FALLOPIAN TUBES
The fallopian tubes are musculomembranous
structures, each about 12 cm in length, commonly divided into the intramural, isthmic,
and ampullary sections.
The intramural (interstitial) portion traverses the uterine wall in a more or less straight fashion. It has an ampulla-like dilation just before it communicates with the uterine cavity. On hysterosalpingography, this tiny tubal antrum either is connected with the shadow of the uterine cavity by a threadlike communication or is separated from it by a narrow, empty zone. This constric- tion of the tubal shadow, usually designated as the tubal sphincter, is caused by an annular fold of the uterine mucosa at the junction of both organs.
The isthmic portion is not quite so narrow as the intramural part. Its course
is slightly wavy. The ampullary portion is tortuous and gradually widens toward
its outer end. It terminates in a fimbriated infundibulum, which resembles a ruffled
petunia or sea anemone. One of the fimbriae, the fimbria ovarica, is grooved and runs
along the lateral border of the mesosalpinx to the ovary. Frequently, one or more
small vesicles filled with clear, serous fluid, called appendices vesiculosae or hydatids
of Morgagni, are attached to the fringes of the tube by a thin pedicle. They are
remnants of mesonephric tubules.
The wall of the tube consists of three layers—a serosal coat, a muscular layer,
and a mucosal lining. The tunica muscularis is composed of an inner circular and
an outer longitudinal layer of smooth muscle fibers. The interstitial portion is
equipped with an additional, innermost, longitudinal muscle layer. The muscular
coat is thicker in the medial section than in the ampullary portion, where the longitudinal
muscle bundles are more widely separated. Contraction of the longitudinal
muscle fibers of the ovarian fimbria brings the infundibulum in close contact with
the surface of the ovary. The abundant blood supply of the tubes is derived
from the ovarian and uterine blood vessels. The blood vessels are strikingly abundant,
particularly in the infundibulum and the fimbriae, where they form with
interspersed muscle bundles a kind of erectile tissue, which, if engorged, enables
the tube to sweep over the surface of the ovary.
The mucosa (endosalpinx) is thrown into longitudinal folds that are sparse,
low, and broad in the inner portions but numerous, branched, and slender in the
ampullary portion. The simple mucosal arrangement of the inner sections contrasts
strikingly with the complicated, labyrinth-like appearance of the arborescent
mucosa in the ampulla.
The mucosa rests on a thin basement membrane, is connected with the muscularis
by a thin layer of loose, vascular connective tissue, and can undergo moderate decidual
reaction if a fertilized ovum becomes implanted in the tube.

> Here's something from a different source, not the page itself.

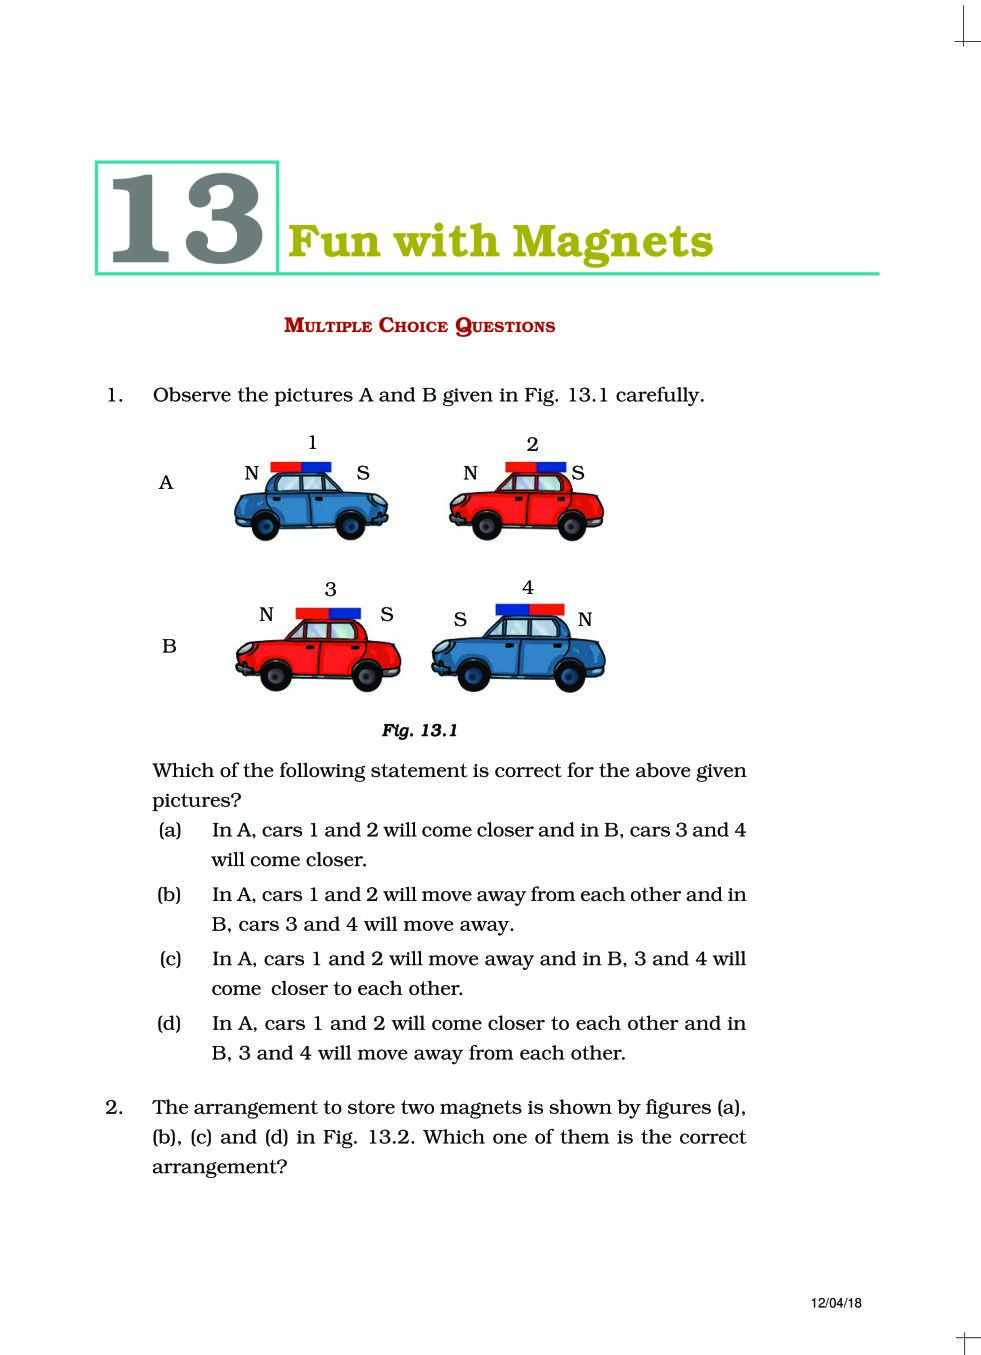 NCERT Exemplar Class 06 Science Unit 13 Fun with Magnets - Page 1
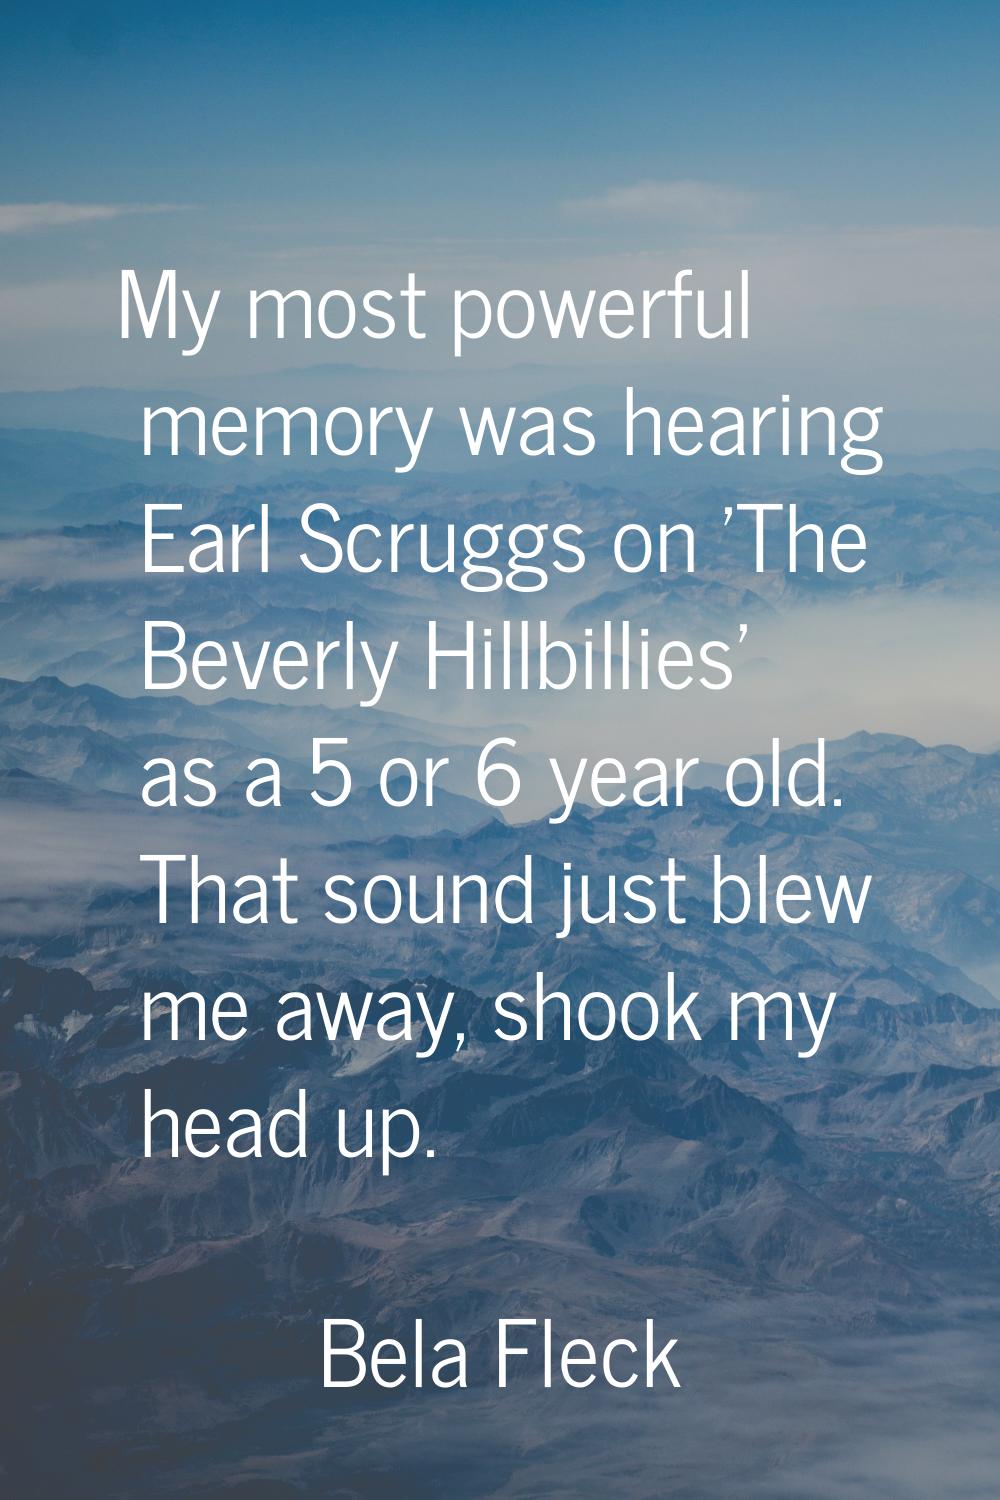 My most powerful memory was hearing Earl Scruggs on 'The Beverly Hillbillies' as a 5 or 6 year old.

The mucosa consists of a single layer of columnar cells, some of which are
ciliated, whereas others are secretory. A third group of peg-shaped cells with dark
nuclei is intercalated between the ciliated and secretory cells and represents apparently
worn-out cells, which are gradually cast out into the lumen of the tube. The
numerical relationship between ciliated and secretory cells changes during the menstrual
cycle. The number of secretory cells that secrete nutrient material to sustain the
ovum during its stay in the tube is greater in the luteal phase. The height of the
tubal epithelium reaches its peak during the period of ovulation and is lowest during
menstruation.
The motion of the tubal cilia is directed toward the uterus, causing a current that can sweep small particles into the uterus, but peristaltic action and no the ciliary motion drives the ovum toward the uterus.